The time to diagnosis of lung cancer for those with moderate or worse atypia is displayed in the Kaplan-Meier curves in Fig. 1, which show that the cumulative lung cancer incidence among those with moderate atypia or worse reaches 10% at ∼3 years and 20% at ∼6 years.

This study provides evidence that the pattern of risk factors for sputum cytological atypia, particularly moderate atypia or worse, resembles that for behavioral factors thought to be risk factors for lung cancer; and that cytological atypia predicts higher subsequent risk for lung cancer incidence, independent of other risk factors. Our finding that current smokers had an increased risk for atypia is consistent with the relationship between smoking status and lung cancer. However, we did not see a relationship between lifetime pack-years of cigarette smoking, number of packs of cigarettes smoked per day, or years since quitting. It is quite likely that we could not see much of relationship in our study population because all of the subjects were heavy smokers, most with a cigarette history of over 55 pack-years. Another possibility is that perhaps after one acquires a certain degree of airflow obstruction, there is no additional increased risk from amount of tobacco consumption. A cohort analysis by Tockman et al.(12) is consistent with the latter explanation. In that analysis, the cumulative lifetime amount of cigarette consumption (pack-years) had little additional effect on lung cancer risk after adjustment was made for impaired ventilation as measured by FEV1 among heavy smokers.

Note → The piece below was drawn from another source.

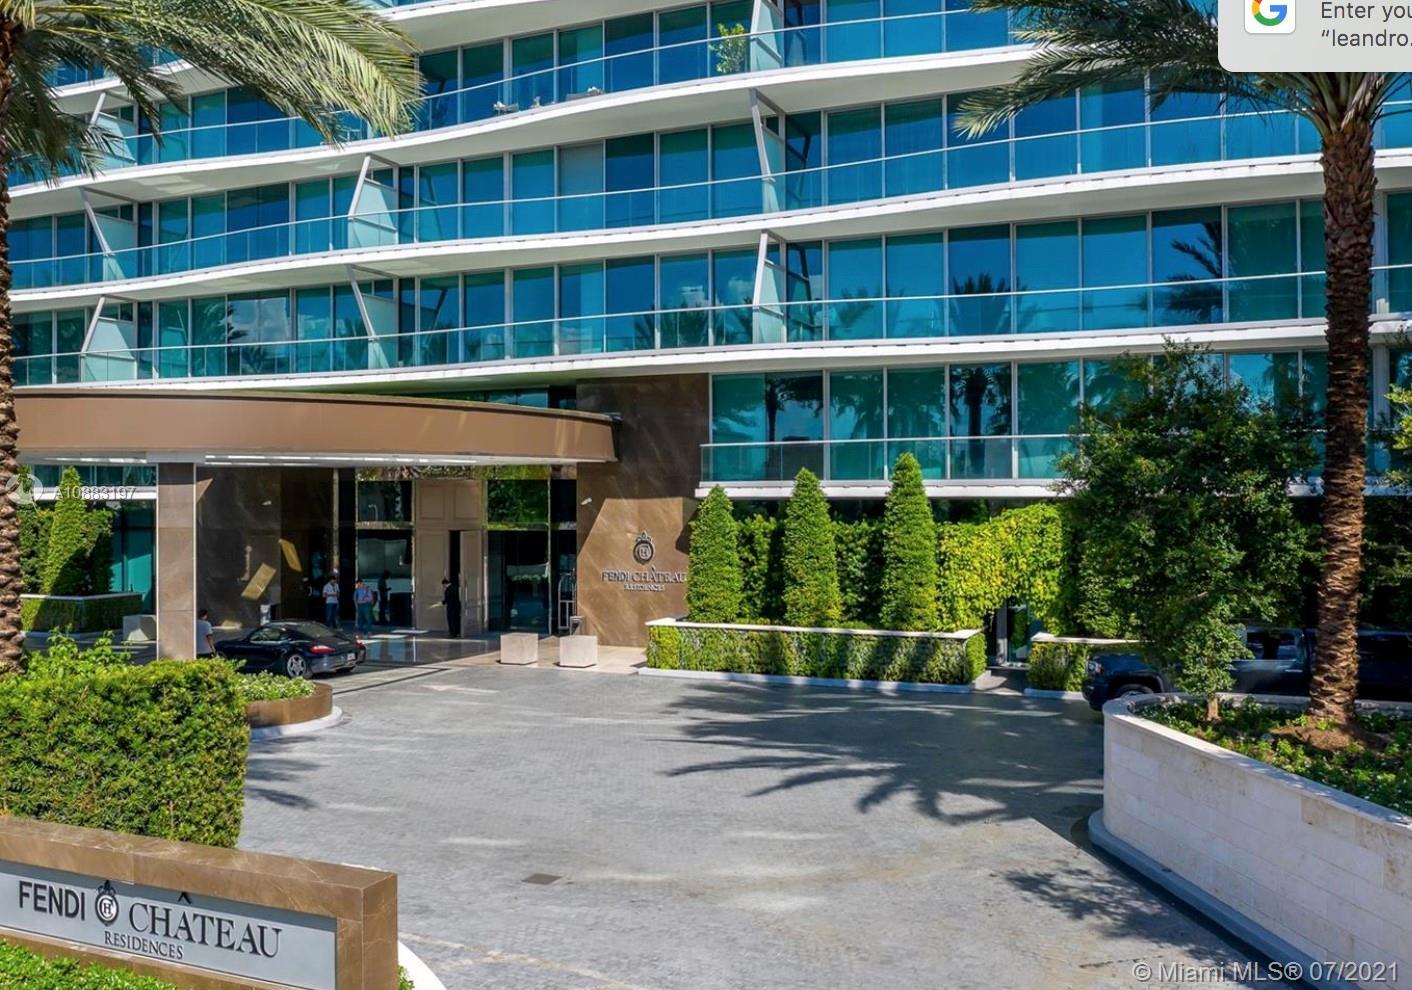 FENDI Chateau Residences, 9349 Collins Ave Unit 506, Surfside, Florida 33154, image 1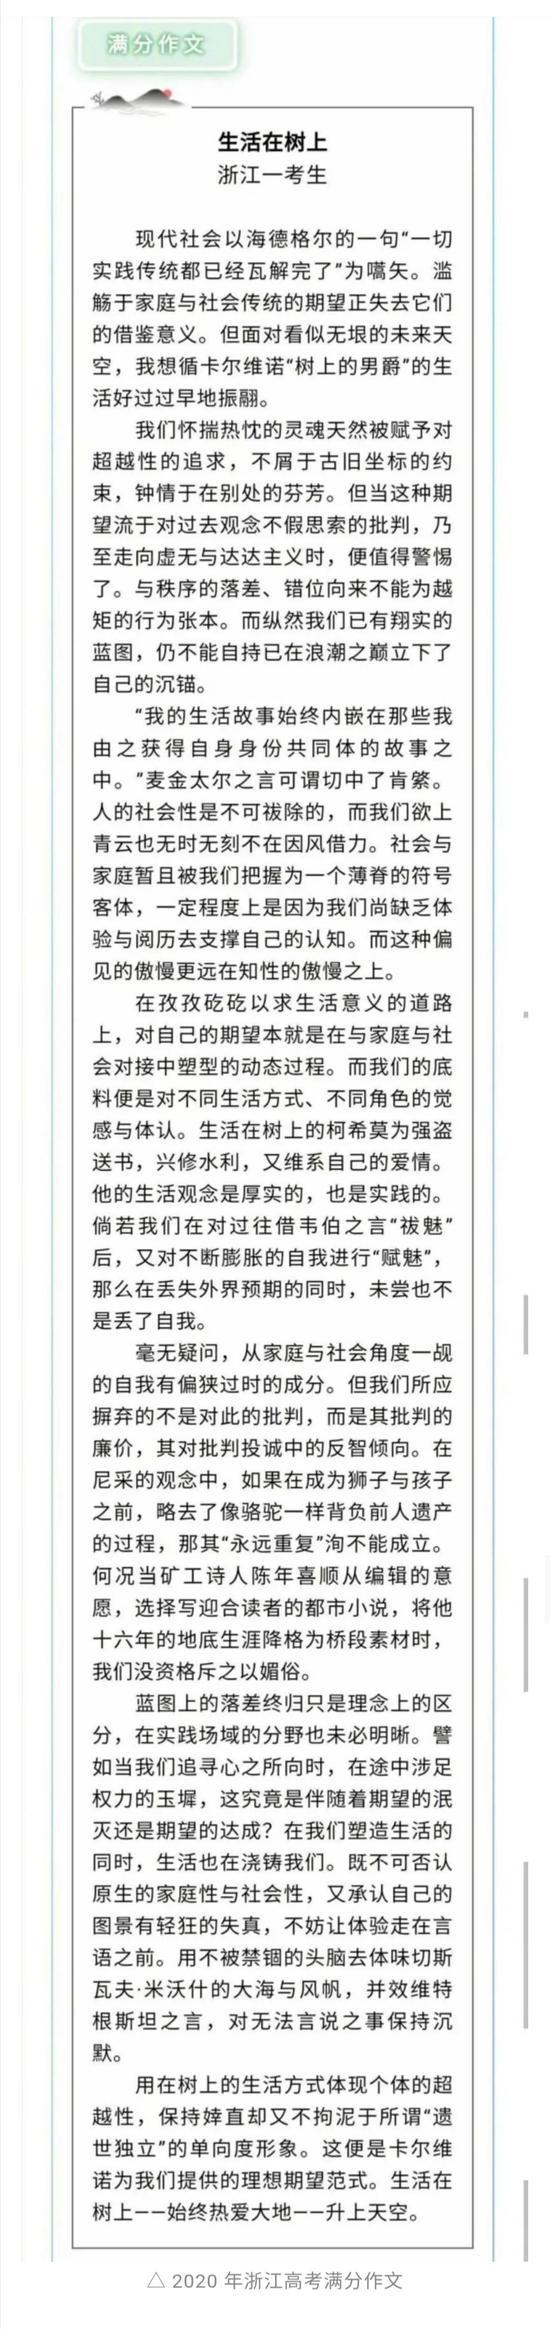 http://www.edaojz.cn/youxijingji/779299.html

Our finding that a diet rich in fruits and vegetables is associated with a lower risk of sputum cytological atypia is in agreement with the inverse association between dietary fruit and vegetable intake and lung cancer risk (21). However, we observed no significant relationship between vitamin supplementation and atypia in multivariate models. We hypothesized that use of metered-dose steroid inhalers would reduce the risk of sputum cytological atypia, because suppression of inflammation could reduce lung cancer risk. Administration of aerosolized budesonide in rodents has been associated with a reduction in lung cancer incidence (22), but no observational studies have yet addressed the relationship between steroid administration and lung cancer or sputum cytological atypia. We did not find a relationship between current use of metered-dose steroid inhalers and moderate atypia or worse. Cyclooxygenase inhibitors such as NSAIDs have been shown in experimental animal models to reduce lung cancer incidence (23). Limited observational data linking NSAID use to lung cancer incidence (24, 25) or mortality (26, 27) are inconsistent, as two studies found no relationship (24, 26) and two found a protective effect (25, 27). We did not find current use of NSAIDs to be associated with sputum cytology.

This prospective study of individuals at high risk for lung cancer has shown that continuing cigarette smoking and lower levels of fruit and vegetable intake are associated with a higher grade of sputum cytological atypia, which, in turn, is associated with increased lung cancer risk. Clearly, sputum cytological findings of severe atypia or frank cancer cells may be markers of prevalent cancer, because the time to cancer diagnosis is very short for such individuals. However, also important is the observation that lower grades of atypia, particularly moderate atypia, are associated with an ∼2-fold increase in risk for incident lung cancer. We suspect the process of field cancerization in the respiratory epithelium explains this observation (4). As respiratory epithelial cells become mutated from tobacco exposures, clonal selection can result in wide areas of respiratory epithelium carrying mutations that increase the risk of subsequent mutational changes leading to lung cancer. The observation that moderate atypia is associated with an increase in lung cancer risk may suggest that there are morphological changes in cytology that correlate with field carcinogenesis. Although some lung cancer risk factors such as continued smoking and fruit and vegetable intake are related to atypical sputum cytology in our cohort, it is important to note that those factors do not account for the relationship between cytological atypia and lung cancer risk that we observed in this study, as shown by the very small changes in hazard ratios in the multivariate as compared with the univariate models. Although other unmeasured or poorly measured risk factors for lung cancer could confound this relationship, their joint associations with cytology and lung cancer are likely weak enough to make such confounding unlikely.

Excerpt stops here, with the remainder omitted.